The Tortillitas are a short range about ten miles northwest of the Santa Catalinas. They are arid mountains without forest.

Sonorella sabinoensis Pilsbry & Ferriss Fig. 164 a-e'.

Sonorella sabinoensis Pilsbry & Ferriss, 1919, Proc. Acad. Nat., Sci. Phila., for 1918, 70: 289, pl. 4. figs. l-5d; text-fig. 3.

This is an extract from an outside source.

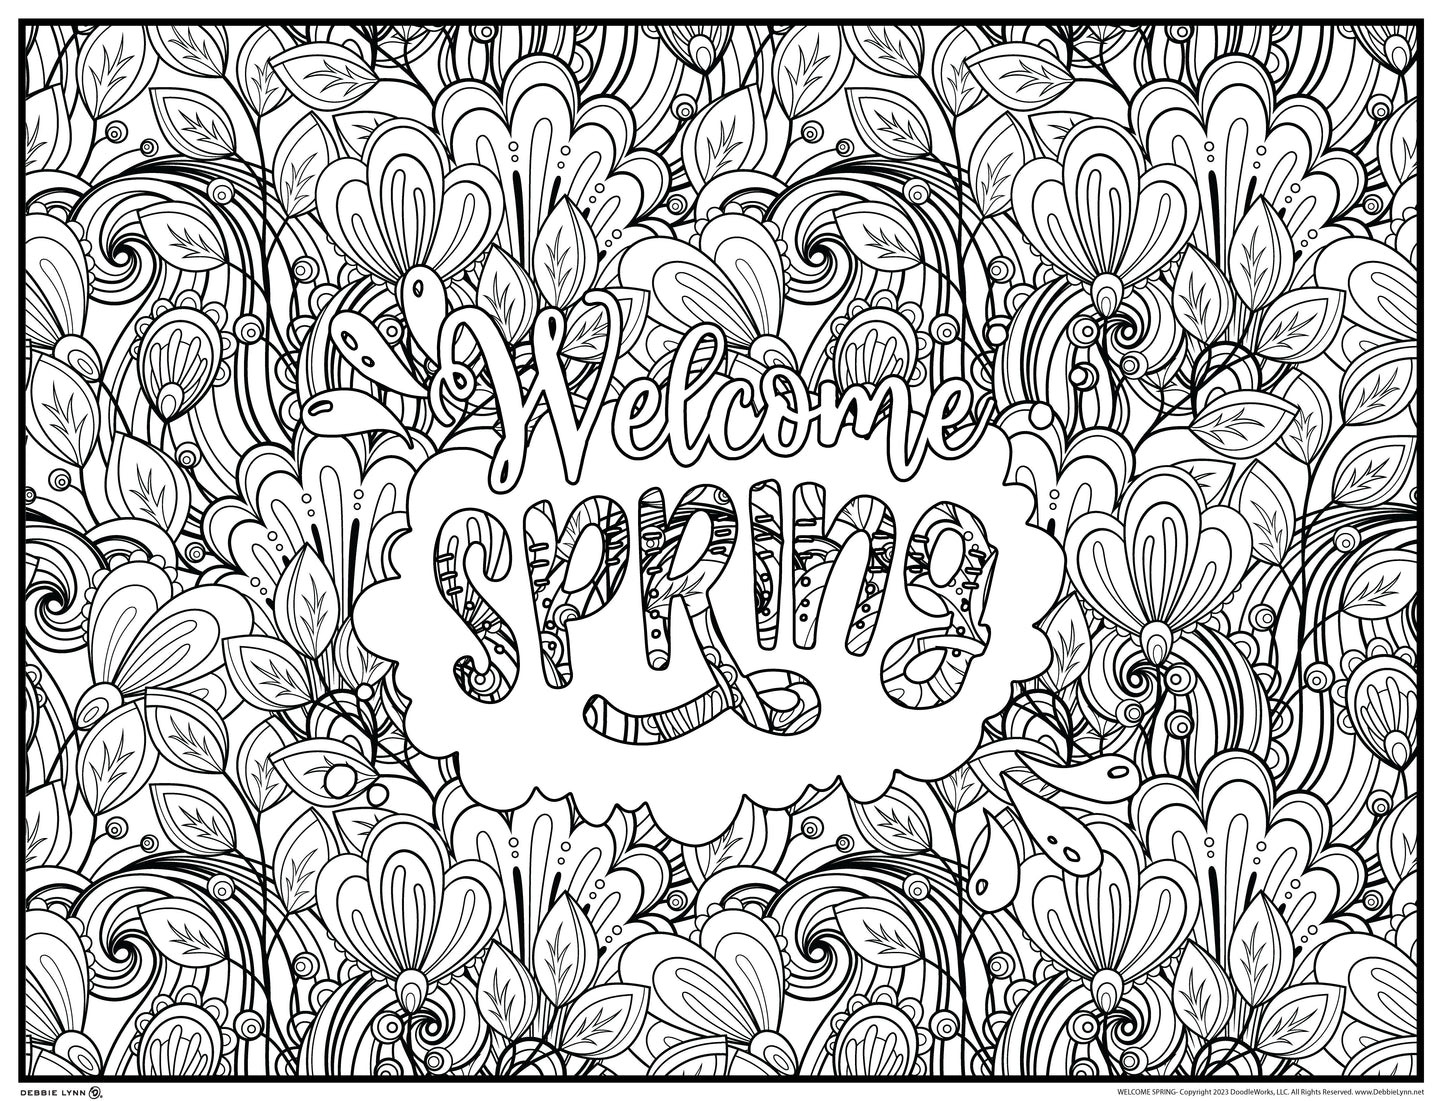 Welcome Spring Personalized Giant Coloring Poster 46"x60"
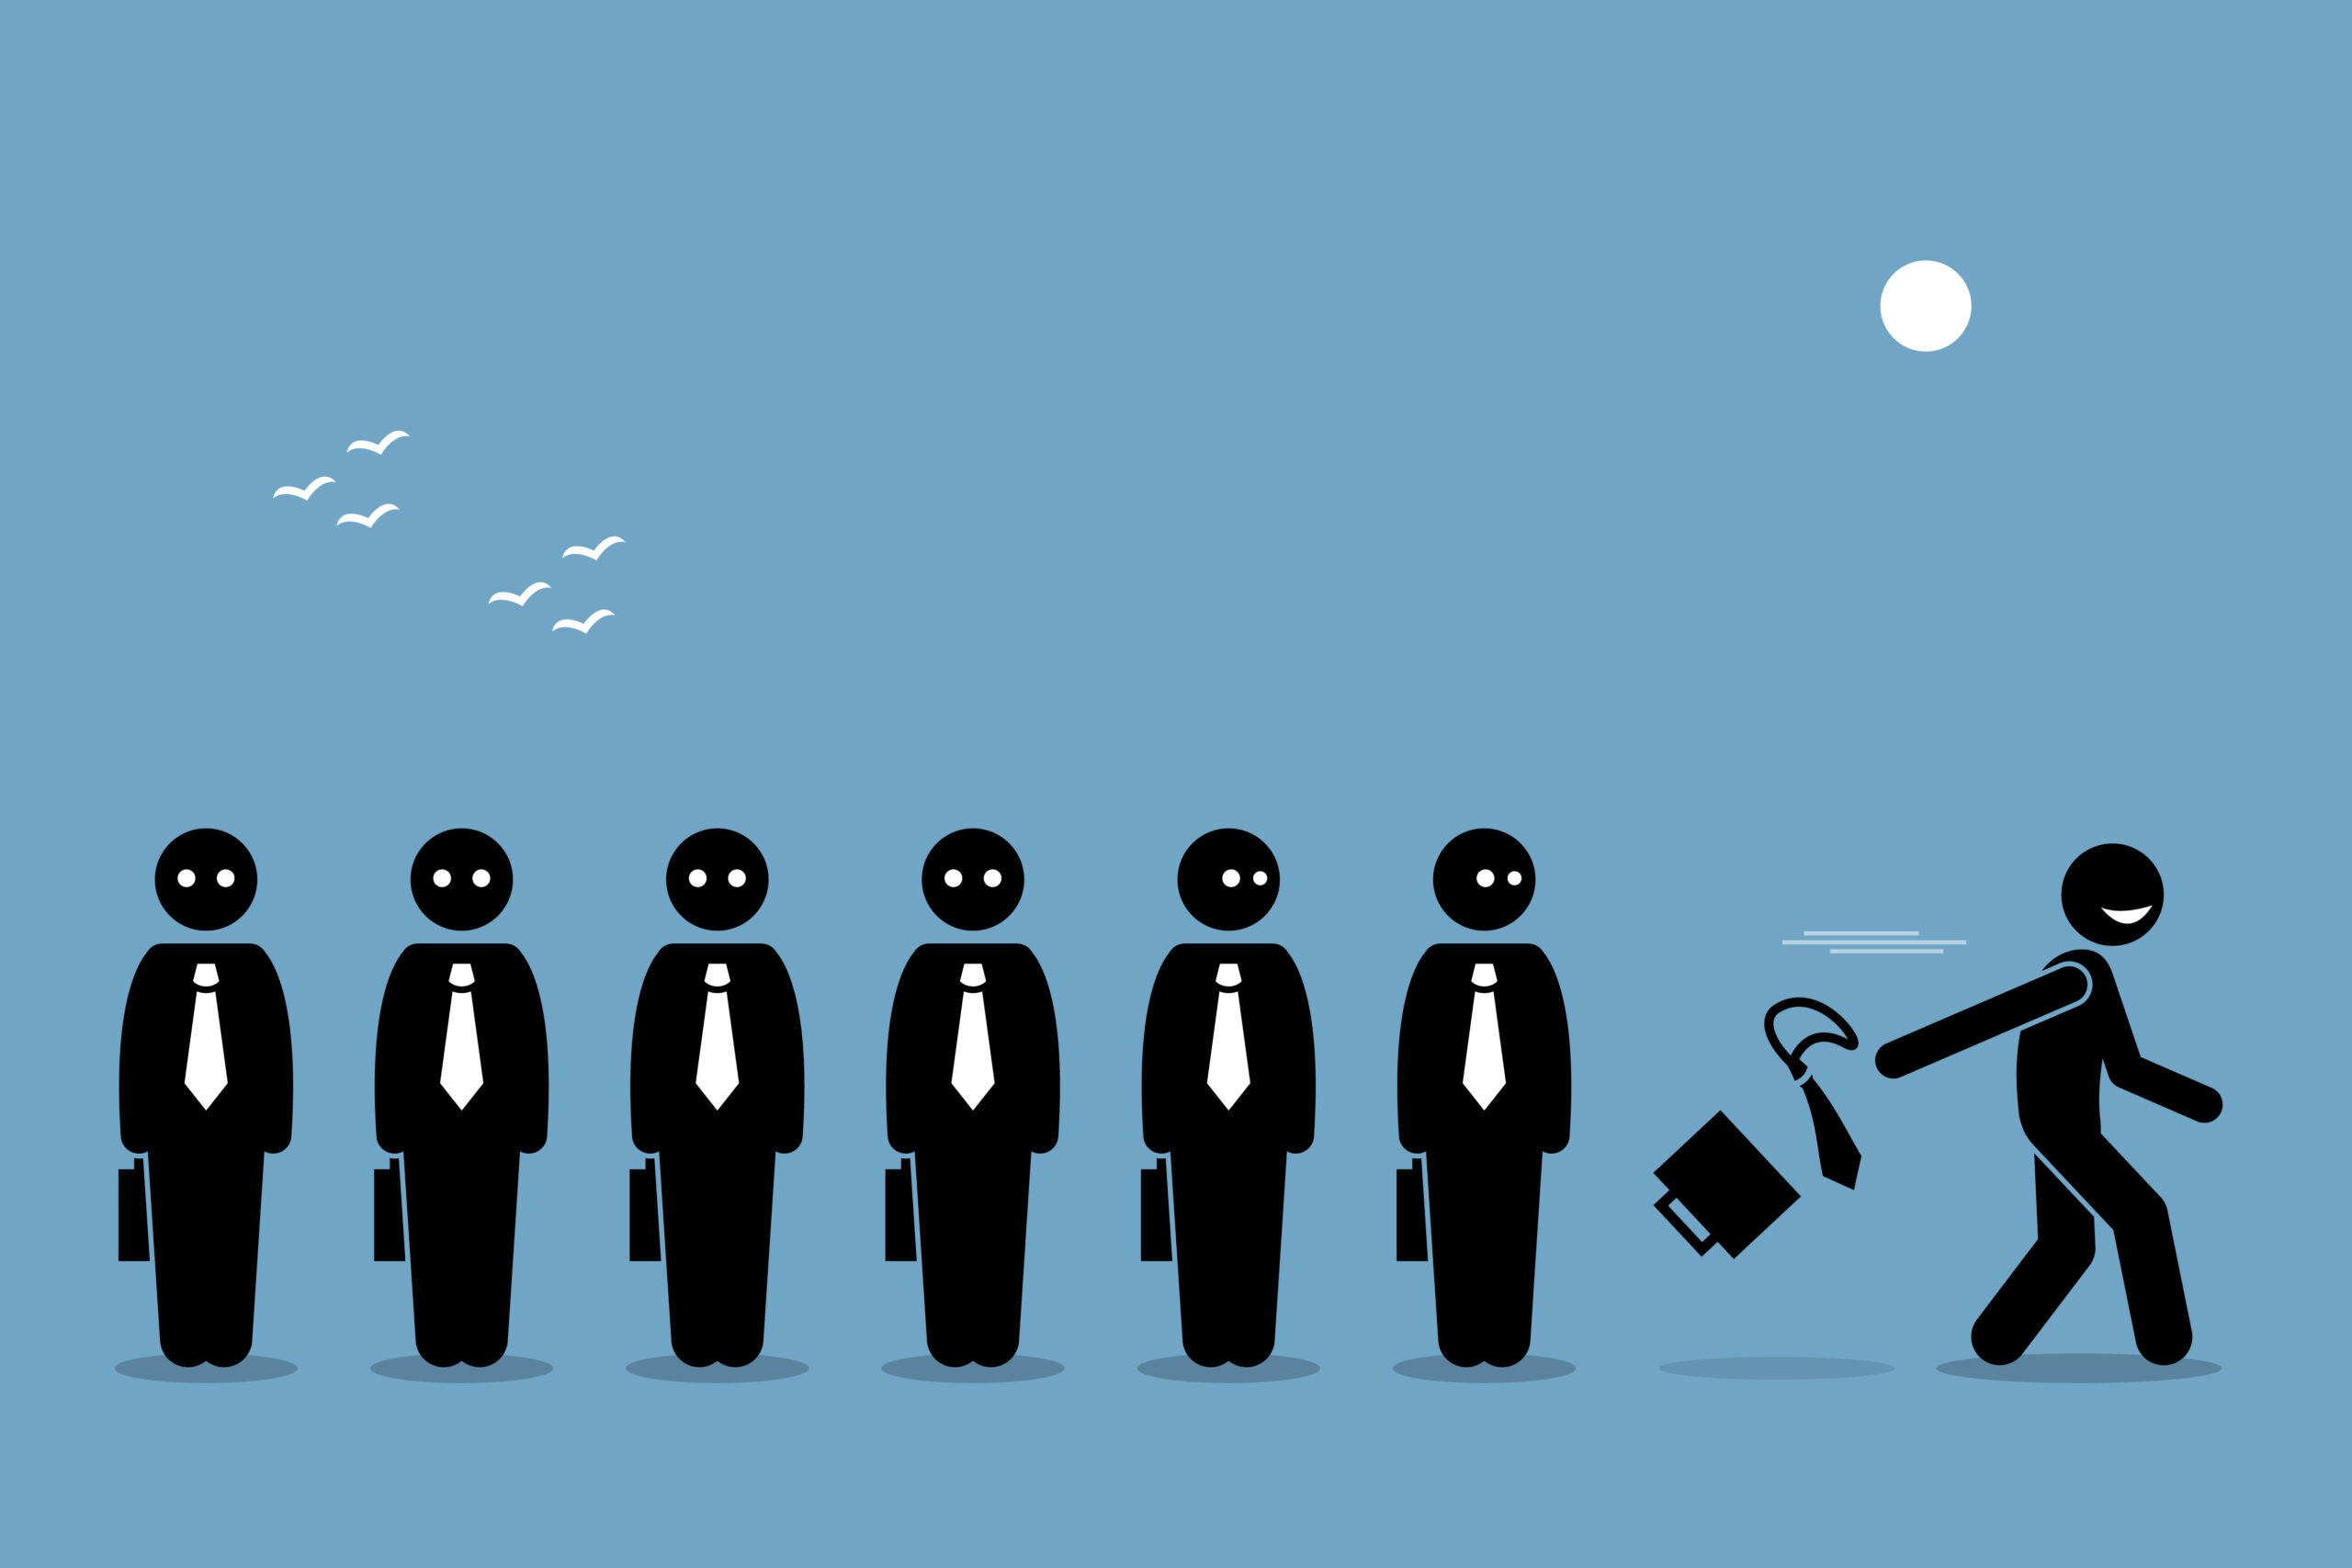 cartoon image of 7 employees, 6 of which are standing in a line side by side, clad all in black but with white ties and all holding briefcases at their sides, save for one smiling employee on the right who is throwing away their tie and briefcase in jubilation at having just quit their job and leaving the all behind him, 2 flocks of seagulls numbering 3 a pair, fly in the distance and white moon is in the sky

The shell is rather narrowly umbilicate, width of umbilicus contained nearly 8 times in that of shell in the type specimen, rather solid; cinnamon- buff, broadly zoned with white (or whitish) on both sides of the chestnut- brown band above the periphery. The surface is glossy; embryonic whorls when unworn with a smooth tip, followed by radial wrinkles and some granulation, then spirally descending threads with radially corrugated intervals, and with some interrupted ascending spirals near the upper suture. Subsequent whorls delicately marked with growth-lines. Suture descends moderately in front. The aperture is large, oblique, rotund-oval. Peristome narrowly expanded, dilated at the umbilical insertion.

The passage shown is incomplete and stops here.